Ceci s’applique non seulement à la demande d’admission au remboursement d’Aimovig, mais également à tous les dossiers pour lesquels la procédure de remboursement est en cours. Fin octobre 2019, Teva Pharma Belgium a déposé, auprès de la CRM, une demande pour la spécialité pharmaceutique Ajovy. Comme Aimovig, cette spécialité appartient à la classe des inhibiteurs du CGRP et peut également être utilisée pour traiter la migraine.
Ce dossier étant toujours en cours, je ne suis pas en mesure de fournir davantage d’informations sur la procédure. Début mars 2020, une troisième firme, Eli Lilly Benelux, a déposé une demande auprès de la CRM pour la spécialité pharmaceutique Emgality. Comme Aimovig et Ajovy, cette spécialité appartient à la classe des inhibiteurs du CGRP.
Comme les deux autres dossiers, il est en cours et je ne peux vous fournir davantage de détails. Toute modification de la liste des spécialités pharmaceutiques remboursables sera publiée au Moniteur belge et sur le site de l’INAMI.
En dehors des traitements préventifs classiques remboursés depuis au moins dix ans comme topiramate, acide valproïque et propanolol, botox est maintenant remboursé pour les patients souffrant de migraines chroniques et ce, depuis le 1 er mars 2019. Je comprends que vous et de nombreux patients sont en attente mais il importe que les procédures soient suivies correctement.
Elles examinent à la fois la valeur thérapeutique et la place dans l’arsenal thérapeutique ainsi que le coût, l’efficacité et l’impact sur le budget des soins de santé. En attendant un nouvel avis, je peux vous informer que deux programmes médicaux d’urgence sont en cours auprès de l’AFMPS pour un de ces nouveaux antimigraineux et auquel certains patients belges ont déjà accès.
Vanessa Matz (cdH): Monsieur le ministre, nous informer sûrement, nous contenter, beaucoup moins. Je n’invoque pas souvent cette qualité-là, mais en ma qualité de patiente souffrant, non pas de migraines, mais de cluster headache, je me permets d’insister pour que l’on puisse avoir une vision globale de ces pathologies extrêmement invalidantes.
J’ai accepté de me faire la porte-parole des collectifs de patients sur cette question. Je leur ai dit que cette douleur devait peut-être servir à quelque chose. J’ai la chance de siéger au Parlement et de pouvoir relayer des préoccupations.
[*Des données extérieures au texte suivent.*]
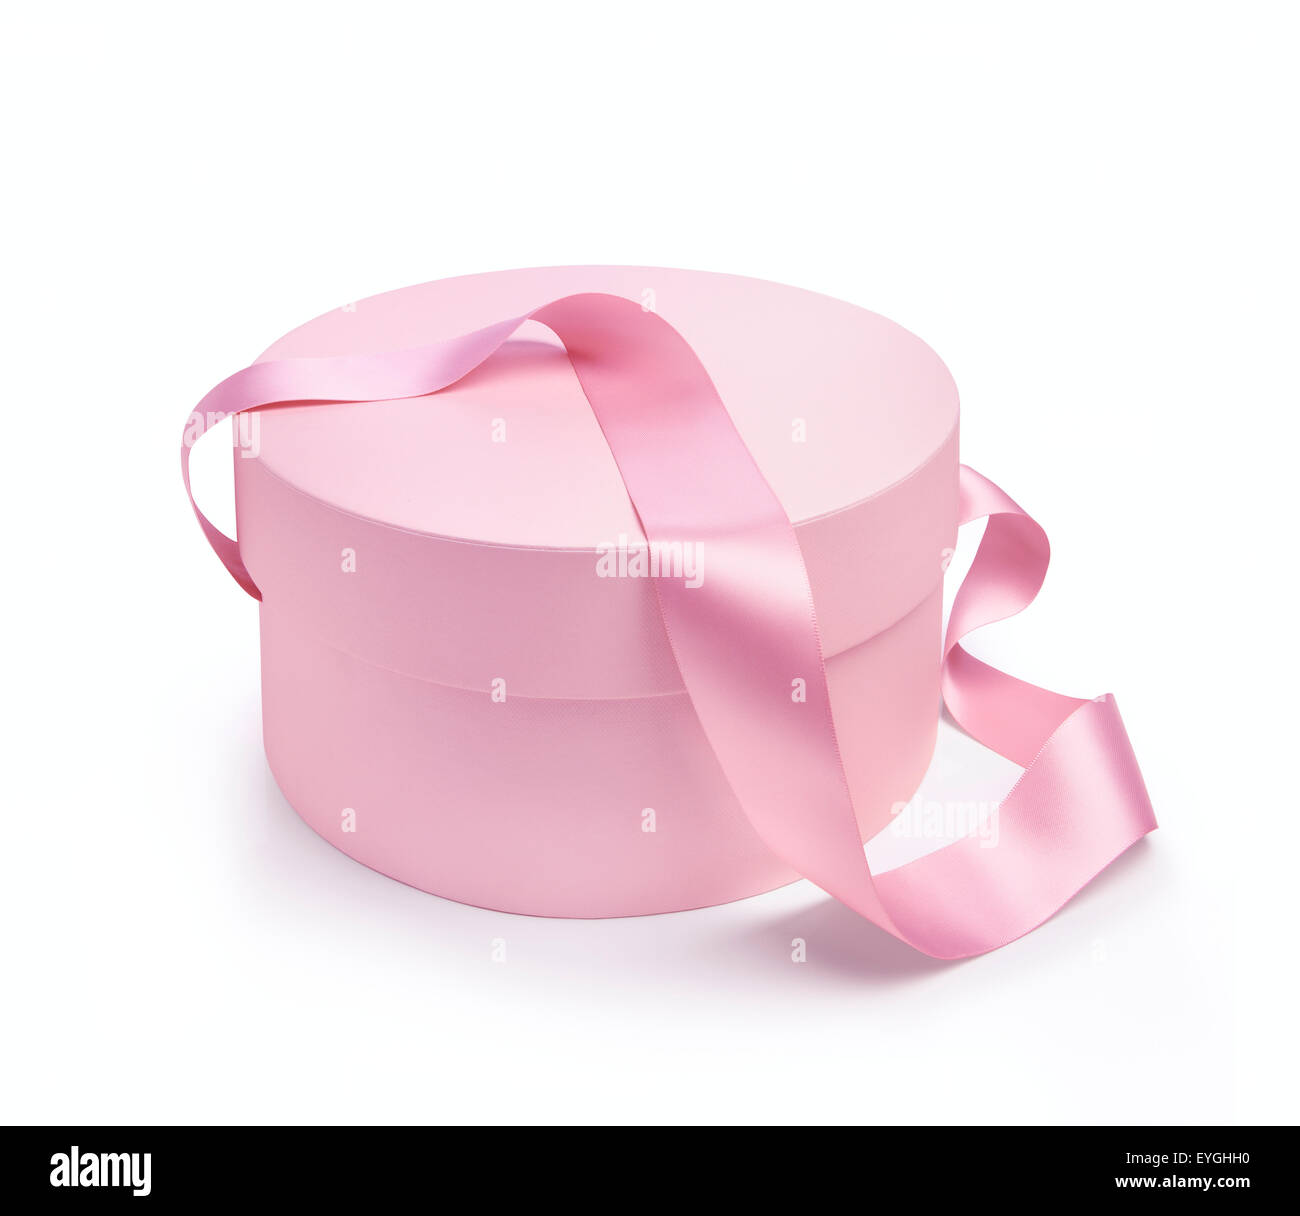 Boîte de forme ronde cadeaux en rose avec poignée bande. Isolé sur fond blanc Banque D'Images

Je comprends bien que vous n’interveniez pas dans des procédures en cours. Je suis toujours étonnée: bien sûr, ces médicaments coûtent de l’argent, mais ils en rapporteraient également beaucoup. Mon collègue a chiffré ce que coûtent les migraines à la société.
C’est colossal! Il s’agit, dans ce programme, d’affiner les conditions dans lesquelles on peut bénéficier de l’Aimovig. Il ne s’agit pas d’avoir mal à la tête. Il s’agit d’être migraineux, plusieurs jours par mois, quand plusieurs traitements ont échoué.
Je pense que bien sûr, le coût doit être apprécié au regard d’un budget général, mais on doit aussi regarder les coûts occasionnés pour la société. Ceux-là sont colossaux, comme on l’a rappelé.
La rupture de la vie familiale et professionnelle est à considérer également. J’insiste afin que vous répondiez aussi à l’interpellation que vous avez reçue le 14 novembre de la part de tous ces groupes de patients qui souffrent de céphalées au sens général du terme. Je vous remercie.